THE PROBLEM
Would you return the listing exactly as written, apart from its pictures?

MATERIAL PROVIDED
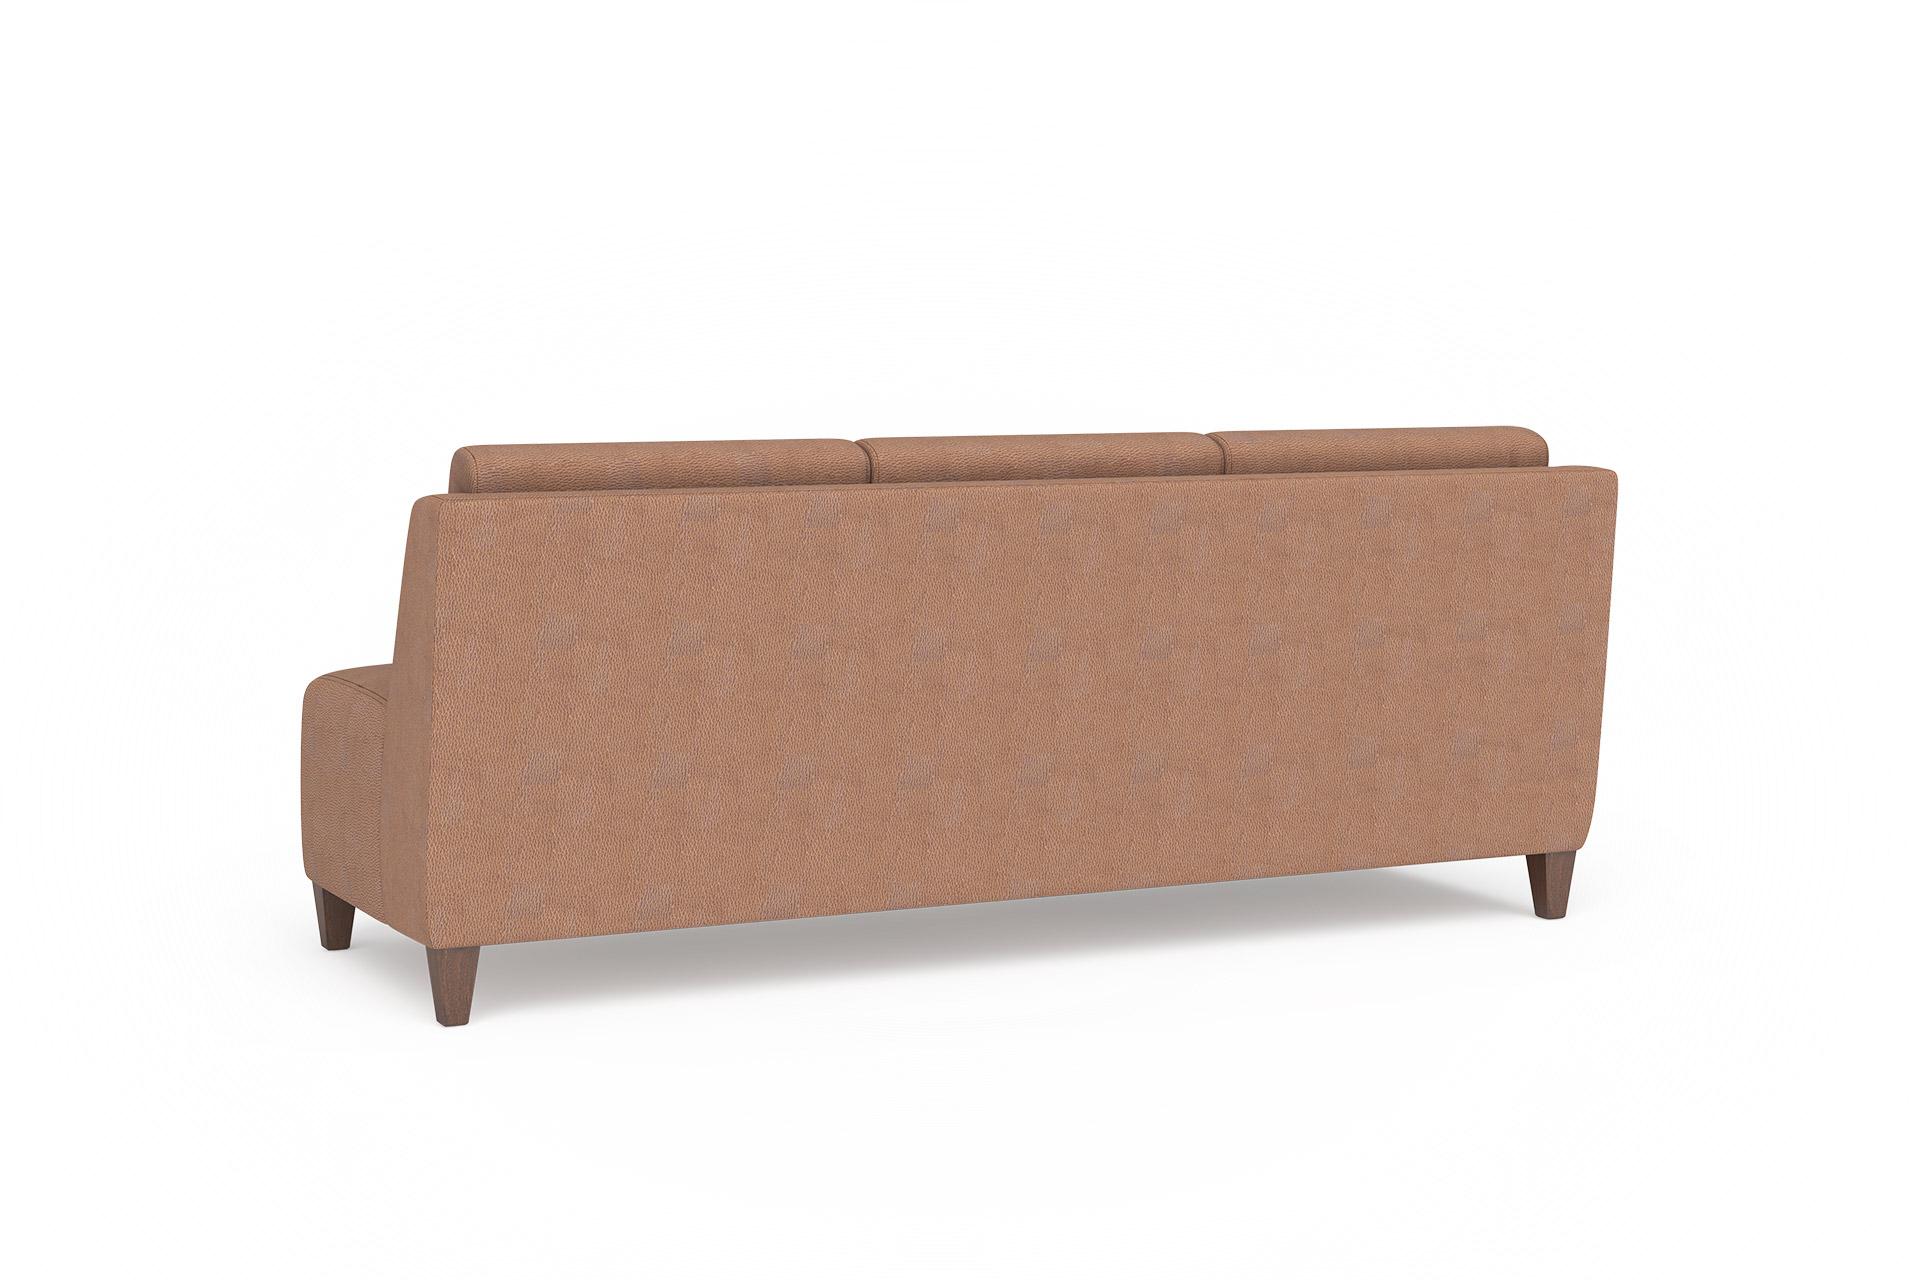 loft-and-manor-delmonico-bench-1
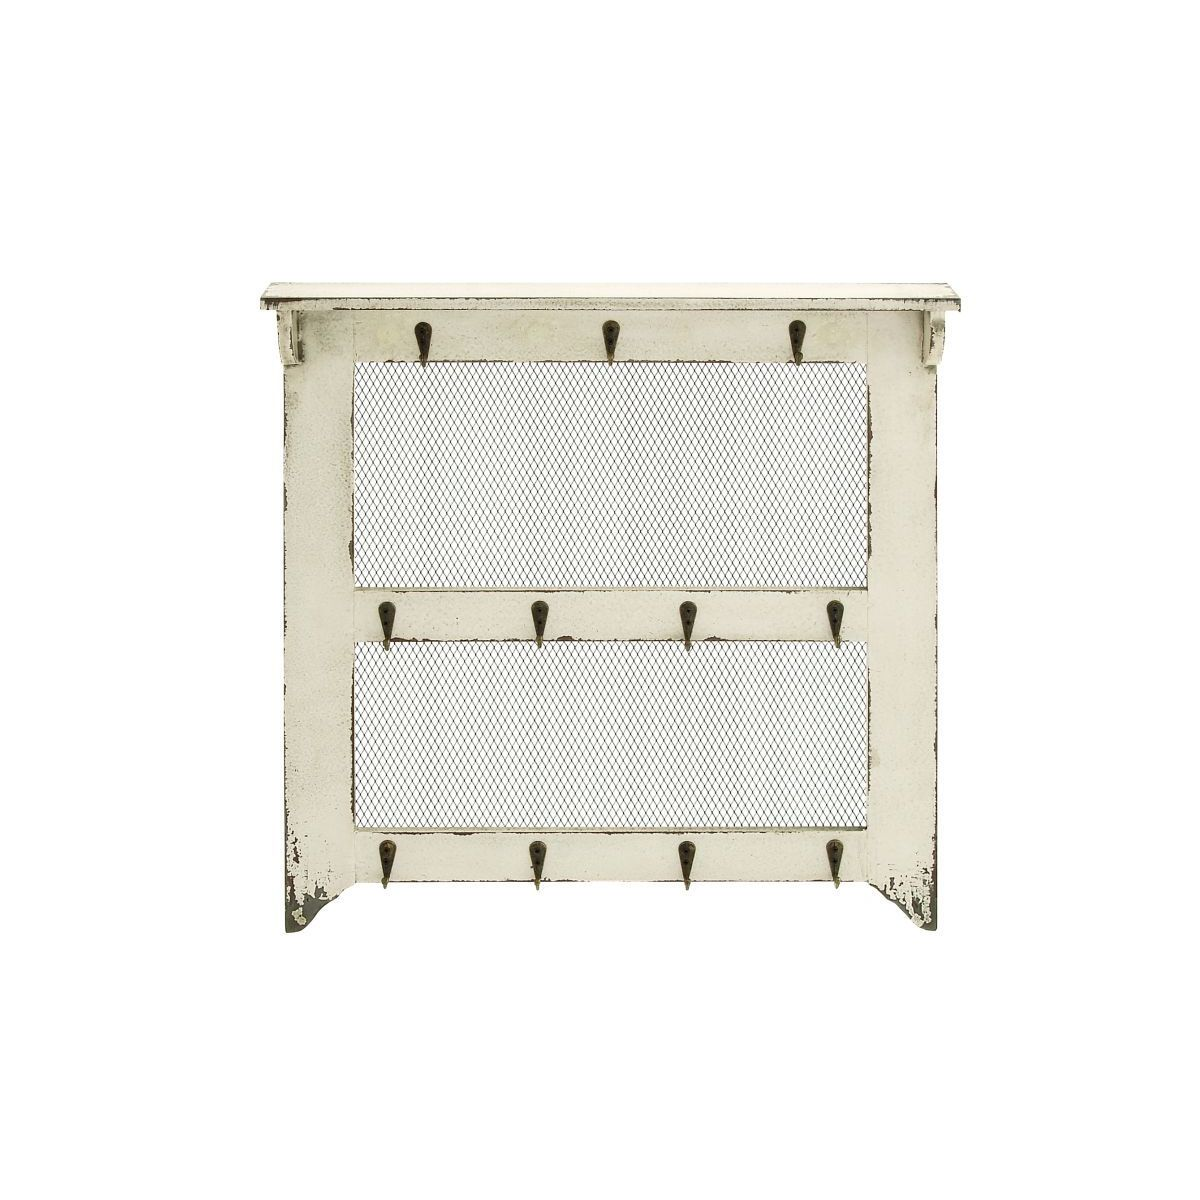 Wood/Metal 19-inch Wide x 20-inch High Wall Hanger
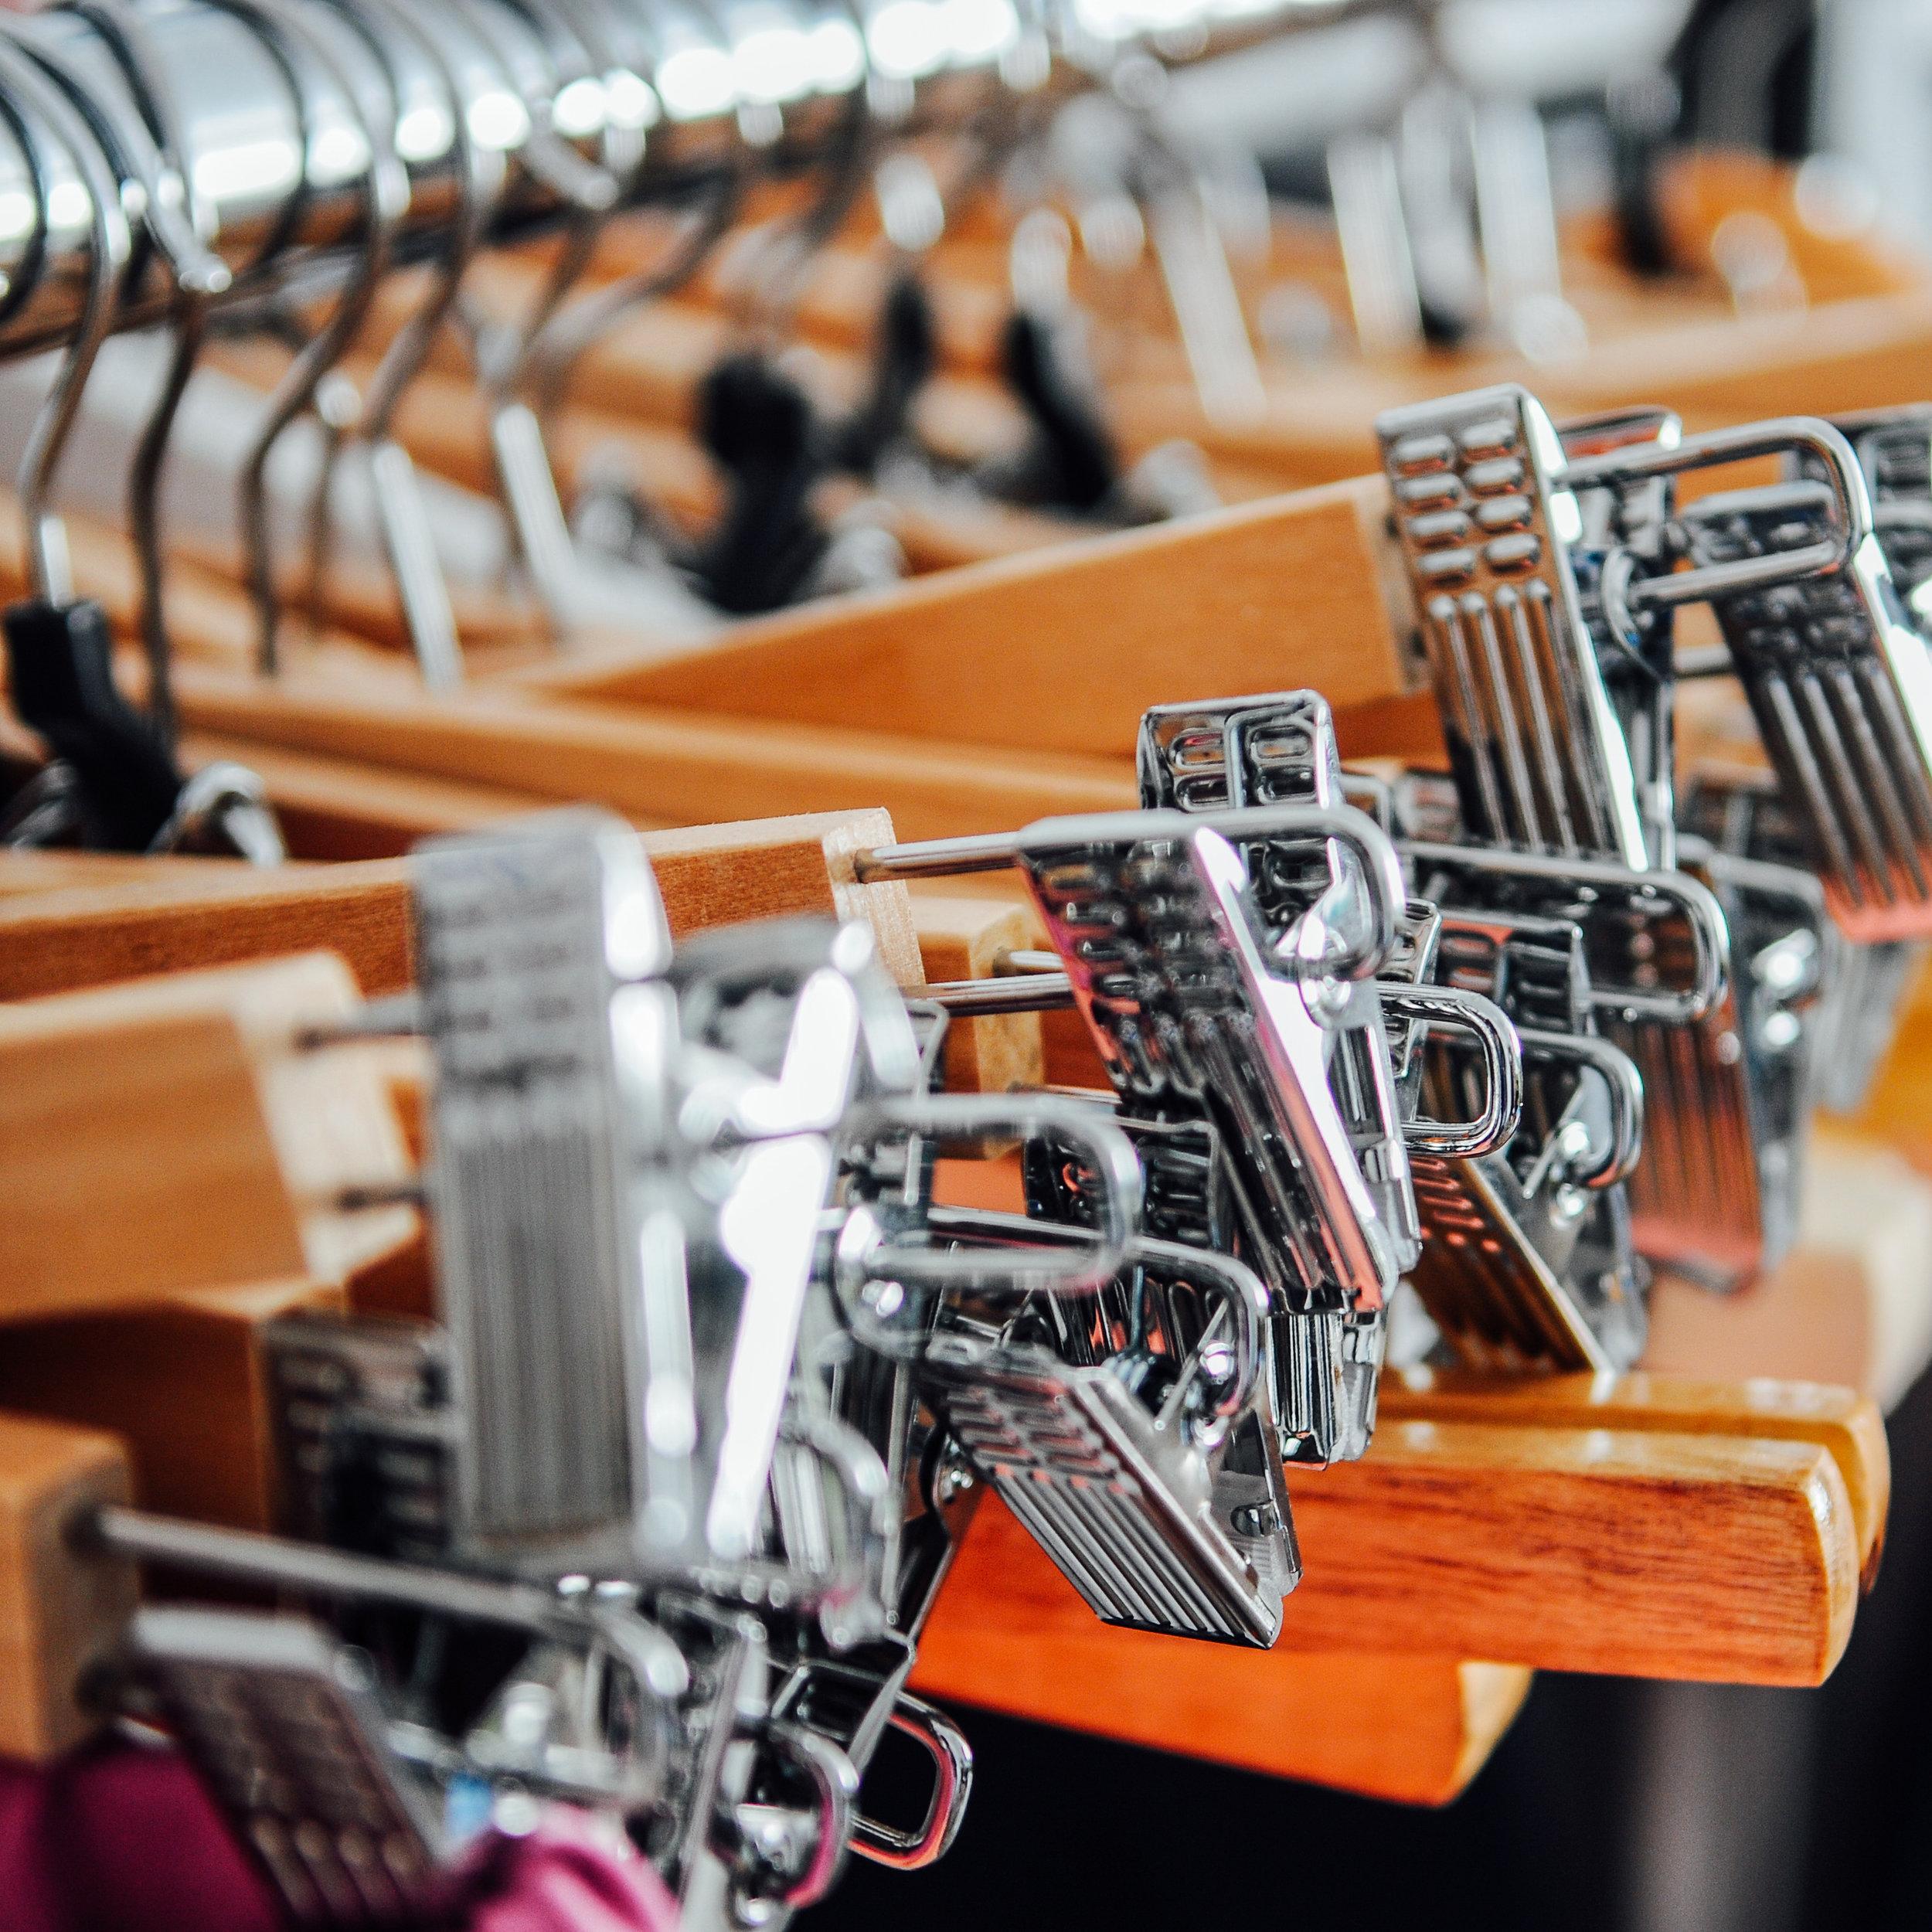 hangers-metal-wood-clothes-80412.jpg

EXERCISE RESPONSE
 loft-and-manor-delmonico-bench-1
 Wood/Metal 19-inch Wide x 20-inch High Wall Hanger
 hangers-metal-wood-clothes-80412.jpg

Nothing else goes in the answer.